Still getting used to the abstractions and disassociated parts of suburban living. I see things like the banner above and think: don't we all see this as somewhat unreal?
I have coupons from Jerry’s Grocery Store just for me! They came in the mail with my name on every coupon welcoming me to town! I am excited. They’re great coupons! A pound of bananas - free! A dozen farm-fresh eggs - free! Five dollars off my order! Of course, I can only use one at a time, but that’s okay! I like going to Jerry’s!
Here we go!
First thing I see is the bakery aisle, where there’s a loaf of white - a whole loaf - for $1.99. Great! We’re on our way to the $25 I need to spend to get those eggs. A bag of salad for $1.99 . . . ah, the Fish Component, since Thursday is fish night. There’s a bag of salmon burgers for ten dollars; that’s two meals. Juice, butter - good “European style” butter that doesn’t come from cows fed on Irish grass, but the man who designed the box had a bit of a brogue. A few more items and I’m over the threshold.
I like the store, a lot. It’s an entirely different paradigm. It’s out of my range of places I usually go, so I’m not retracing the same damned steps every damned day. I tell myself that Thursday is now Jerry’s Day.
Believe me: until you’re in my situation you don’t know the importance of routine and having a thing to do.
Also nice: human contact. Before the trip, Uncle-in-Law Gary Realtor came over to discuss houses, in case I want to buy some time in the future. Note: I want to buy, some time in the future. He had a sheaf of prospective bungalows in Minneapolis, and I think my reaction can be summarized as NO, and if you drill down, NO NO GOD NO. Why? Well, they’re hobbit-sized without the charm. The square footage was about 200 square feet over FredBase 1. Taxes? Grotesque. You just see yourself pitchforking out money for the privilege of having your car window broken every fortnight. The basements might be “finished” but they look like silverfish habitats. There’s a second floor! Yes, a finished attic where you cannot stand up, but must sit at a desk hunched like a Bartleby.
I’m not going back to Minneapolis.
I’m considering . . . this.
Yes, I’m considering moving to the inside of the Main Street feature. I think it’s an apt place for the last act.
We’ll see.
Today was better, in other words. Uncle Gary Realtor was mightily impressed with the Fred. We had fried chicken and discussed real estate and family matters. Most of the activity pushed aside the loss and the ache, but that flits up in the mind like a black butterfly, and you swat it away. You think of more pressing matters. Must get dental insurance! Must return faucet!
What faucet, you ask? Well, there were two leaks in the bathroom, and S., not wanting to burden the new owners with drips, wanted them fixed. I did what I could, but what I could do, alas, was nothing. The cartridges in the faucets were rusted solid. They worked, but could not be dislodged without professional labor. Expensive labor. One more expense at the last minute. One more thing to put on the balance sheet to split. Sigh. Petty. Necessary.
I went to Menard’s, where I bought the faucet. No receipt? No problem. I put my card into the machine to generate the receipt, handed over an unopened box. Said I’d like cash. Really? Cash? Oh no we don’t do that. We can put it back on the card. Fine. Then I drove to the gym, and because I now have world enough and time and gas is expensive I drove the speed limit. The ECON button was on for the first time. I thought: haircut. As long as it’s a cool-car day, he can sit for a while. Nice banter, although the stylist had a box with a bunch of neon stickers setting forth a series of political opinions that probably didn’t need to enter into the act of trimming the follicles of a stranger. Then the gym. Did everything plus the treadmill. Afterwards took Birch for a walk along the Edina Spine, as it’s probably not called.
Even though the area is all big-box and strip malls and such, it has a serpentine parkway that winds between the buildings.

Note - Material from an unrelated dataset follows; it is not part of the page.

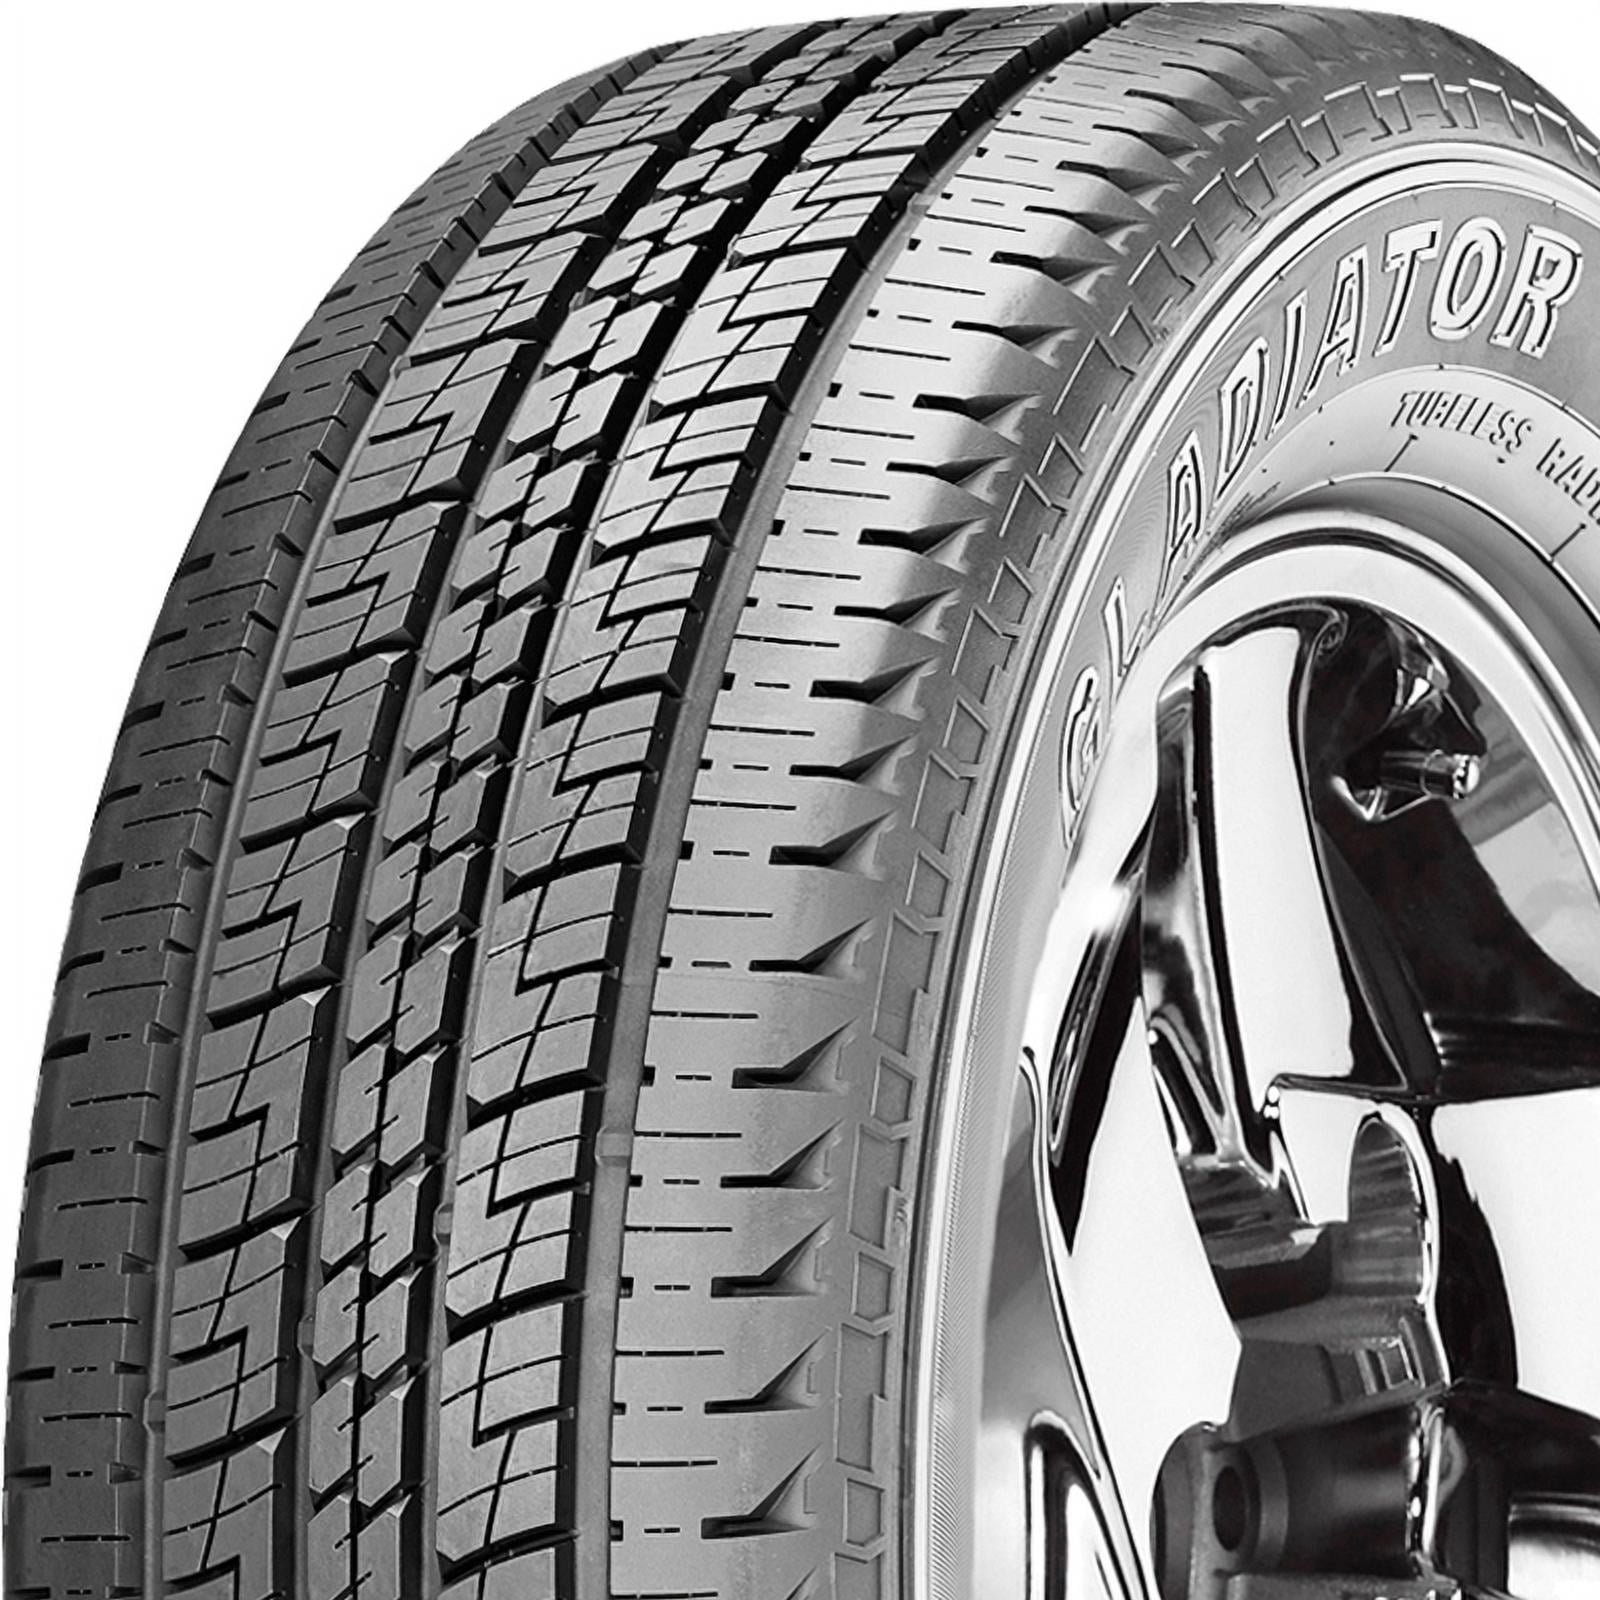 JK Tyre Elanzo Touring A/S P215/70R16 99T All Season Radial Tire

Rushing water and strolling folk with dogs.

I have to keep reminding myself that this is all pretty good. The other day while walking Birch through the residential neighborhood I felt this sagging feeling of downwardness and dislocation - a year ago I was married and living in the home of my dreams in a neighborhood I loved, and then SHAZAM (She Had A Zesty Anti Me) I’m here, and it feels as if I am locked out of the good life. The house, the general sense of accomplished solidity and accumulation, gone. Lost.
But then I go to the roof, and remind myself that all is not, in fact, lost. I’ve made this place work. The rituals are sticking: breakfast at the dining table with baroque, the morning work, lunch at the counter, dinner at the table, the Moka espresso with dark chocolate afterwards. A trip up top to light the fire pit and watch the sunset then leave right away because fire makes the dog nervous.

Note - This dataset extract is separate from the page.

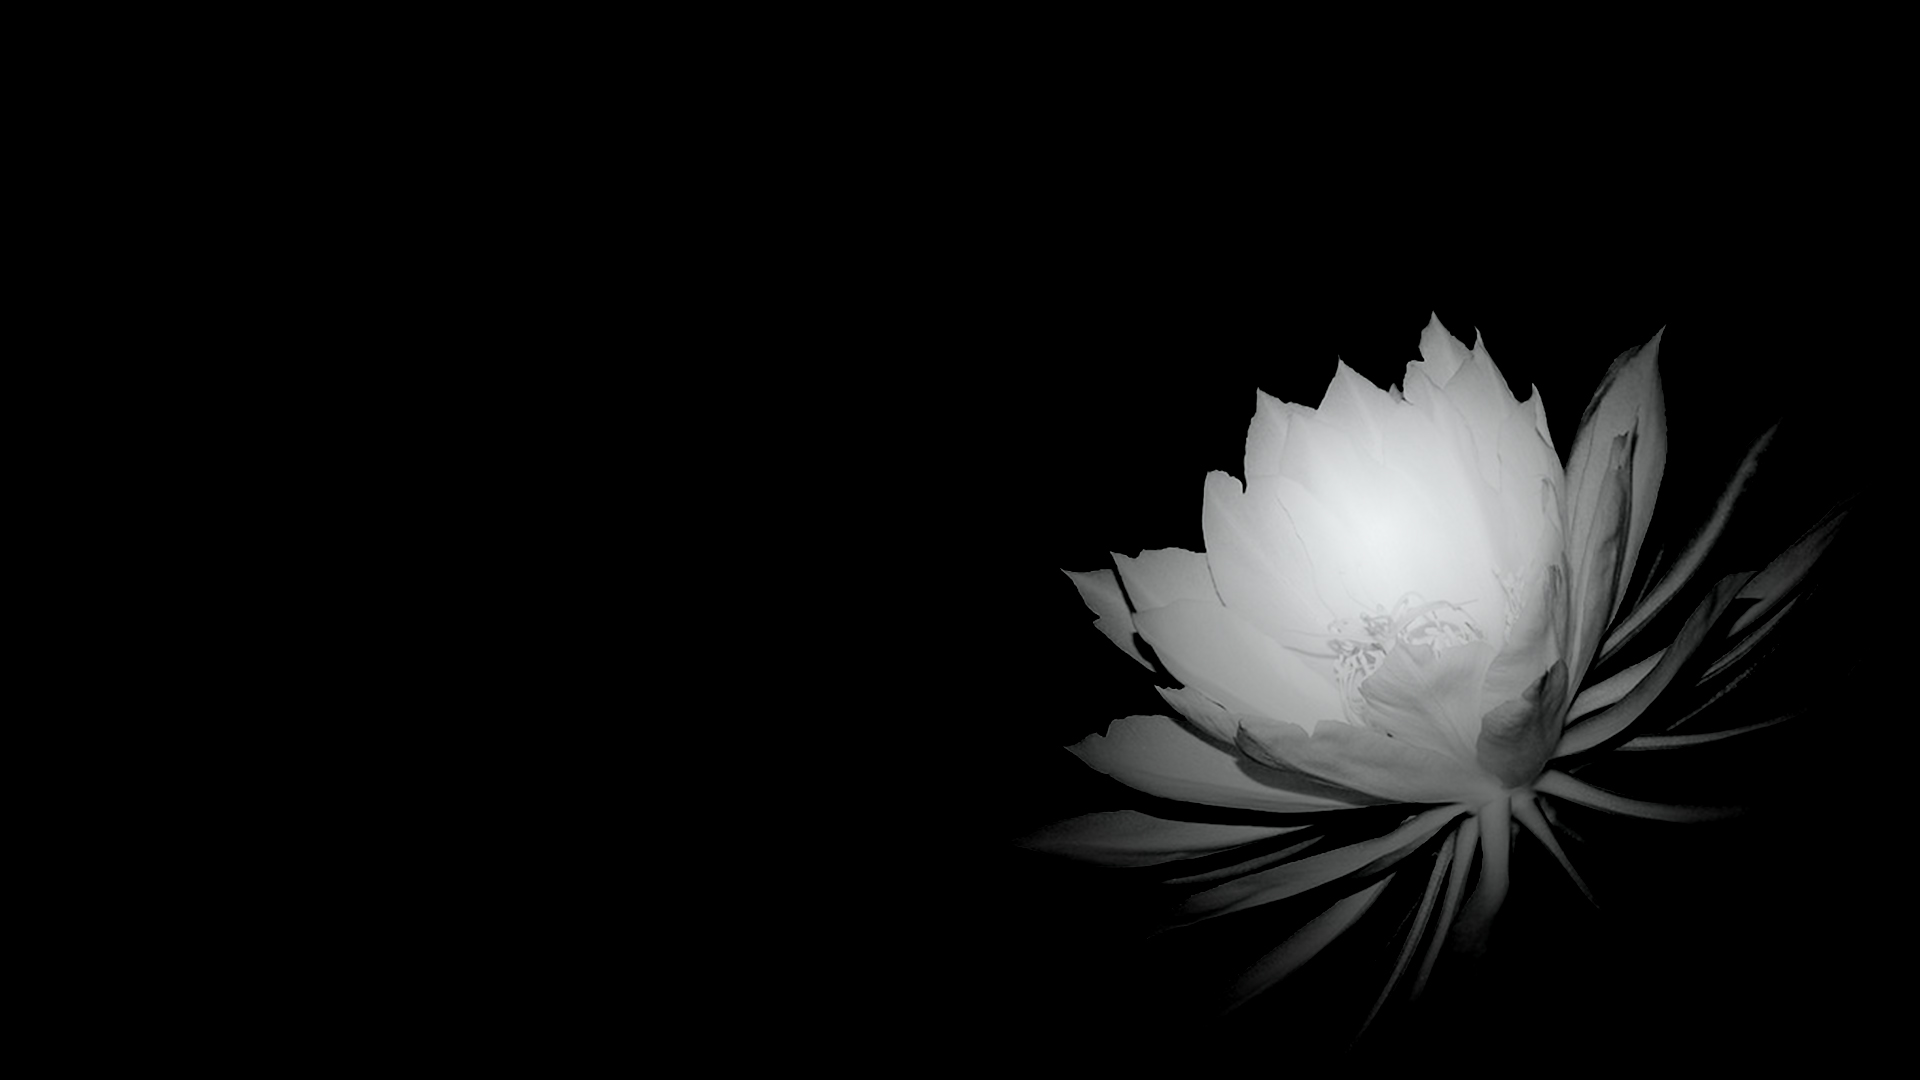 75 Pc 壁紙 白黒 すべての美しい花の画像

Ah, but have I settled on a coffee paradigm yet? I decline to answer right away but instead give you the 1937 adventures of Mr. and Mrs. Goof, found in a McCalls magazine I snapped before it was sold in the great house purge.


He's dressed well for the morn.

I wonder what he does. He has the look of a crazed European intellectual who does not work at all.

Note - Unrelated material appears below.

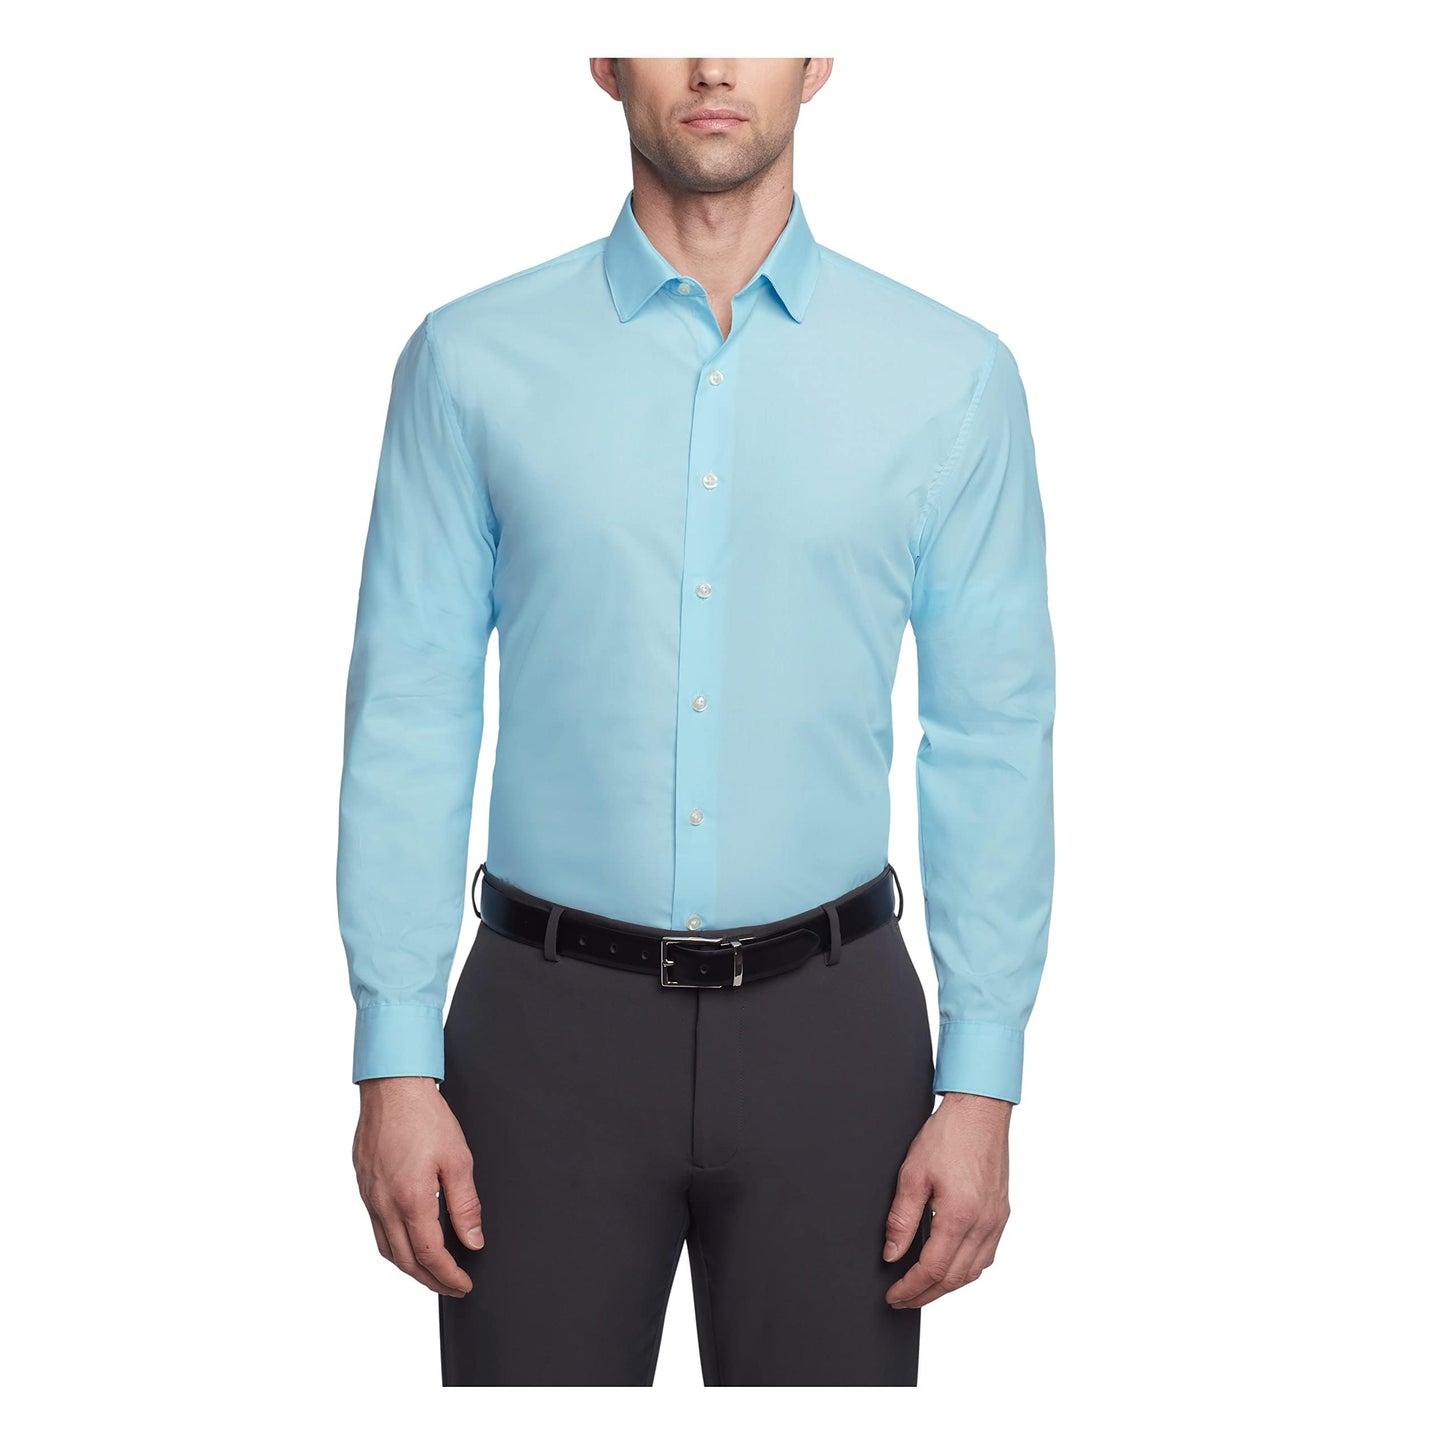 UNLISTED Men's Dress Shirt Slim Fit Solid

I think John is discounting the immediate peril. The man is dressed as Napoleon; we all know that means he is insane.

What the hell does she put in that stuff? Comet cleanser?

Ah. Dated coffee. An early example of expiration dates, or "best by."
It's Chase and Sanborn.

Marriage saved! Yes, it's that simple!

People knew it from the radio show they sponsored, which ran for a very long time.
That's not what I'm drinking. I'm strictly a Bustelo man now.